Colts inevitable COVID issues arise at worst time


This felt inevitable. Indianapolis Colts quarterback Carson Wentz’s refusal to be vaccinated against the COVID-19 virus seemed certain to produce a positive test sometime and seemed destined to occur just when he was needed most.

And here we are.

After righting their season following a slow-motion start, the Colts turned into one of the hottest teams in the NFL. They still need to keep winning and are poised to possibly clinch a playoff spot when they face the Las Vegas Raiders Sunday.

But pilot Wentz may be grounded. Right now he is. The only thing that could propel him back into action after flunking the coronavirus test is the league’s abrupt reduction of quarantine time to five days.

If Wentz wakes up Sunday and passes Colts medical protocols he could play. Otherwise, on one of the most important days of the season, the franchise will count on sixth-round pick Sam Ehlinger, a rookie out of the University of Texas who may get the opportunity to throw his first professional pass.

People might wonder if teammates are in the locker room mumbling, “Moron” because Wentz would not take his medicine (he has not said why).

And how much faith is there in Ehlinger, just because of his inexperience? The 6-foot-1, 220-pound native of Austin, Tex. came across as sharp, intelligent, composed and reflective in a Zoom press conference.

Coach Frank Reich said of Ehlinger Wednesday, “At this point Sam is our starter. I think Sam is made for moments like this.”

Ehlinger pretty much admitted during the pre-season he had no idea what he was doing. “I was just trying to stay afloat,” he said.

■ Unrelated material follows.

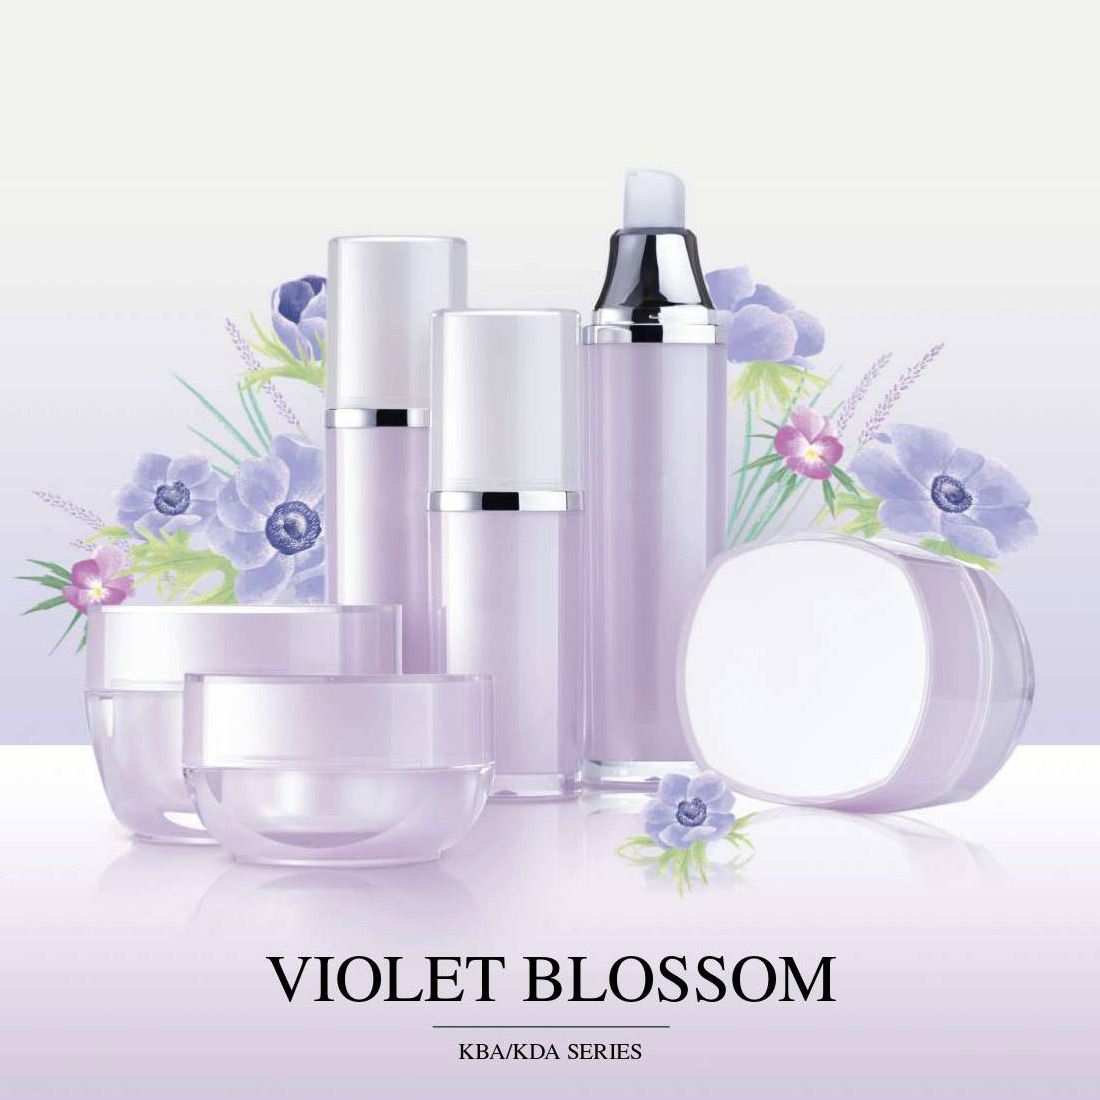 Violet Blossom (embalagem acrílica luxuosa para cosméticos e cuidados com a pele) Série KBA e KDA

Someone mentioned this could be an uncomfortable situation, practicing as the starter all week, yet not really knowing if he will be the man. Ehlinger, 23, said he had dealt with some uncomfortable situations in his life.

That is an understatement. His father died of a heart attack at 46 when competing in a triathlon. A brother, a U. of Texas linebacker, died at 20 of an accidental overdose of Xanax. So this is hardly the most challenging thing Ehlinger has had to handle.

The history of relief pitchers in the NFL is checkered — the starters being the starters for a reason. Plus, the Colts have other concerns. The offensive line has been in flux, with multiple COVID-19 positive tests or other injuries affecting everyone, including tight end Jack Doyle, who departed last week’s Arizona game limping.

The Colts have shuffled new bodies to the active roster from the practice squad and elsewhere and Reich can barely keep up with which player might be back on which day after doing a five-day stint on the reserve/COVID list. Whoever is at quarterback must have someone to block for him, after all.

Ehlinger has been preparing all season, indeed, much of his life, for such a moment in the spotlight, so he would like to think he is ready. He could be the Colts’ savior.

Also, it does not seem likely Philip Rivers will appear on a white horse. Rivers quarterbacked Indianapolis to the playoffs last season and then retired. There has been buzz the Colts tried to talk him out of retirement as an emergency fill-in.

Given Rivers hasn’t played in a year and is almost surely not in game shape, this seems a fanciful thought.

Reich said he and Rivers talk as friends and he has informed the former All-Star about the Colts’ current situation, but he would not reveal if he asked Rivers to return. “There is nothing to report,” Reich said about that issue.

It is unknown if Wentz was a close-contact casualty positive, or is really sick. It is unknown if he will materialize to suit up Sunday, or be exiled from the clubhouse. It is unknown if Ehlinger will be the hero of the occasion, or will stay on the bench. It is not known if the Colts will have one, three, or five regular offensive lineman in uniform.

The only known quantity in Colts World is that the best bet is giving the ball to Jonathan Taylor 40 times and getting out of the way. Unless he tests positive and can’t come to Lucas Oil Stadium.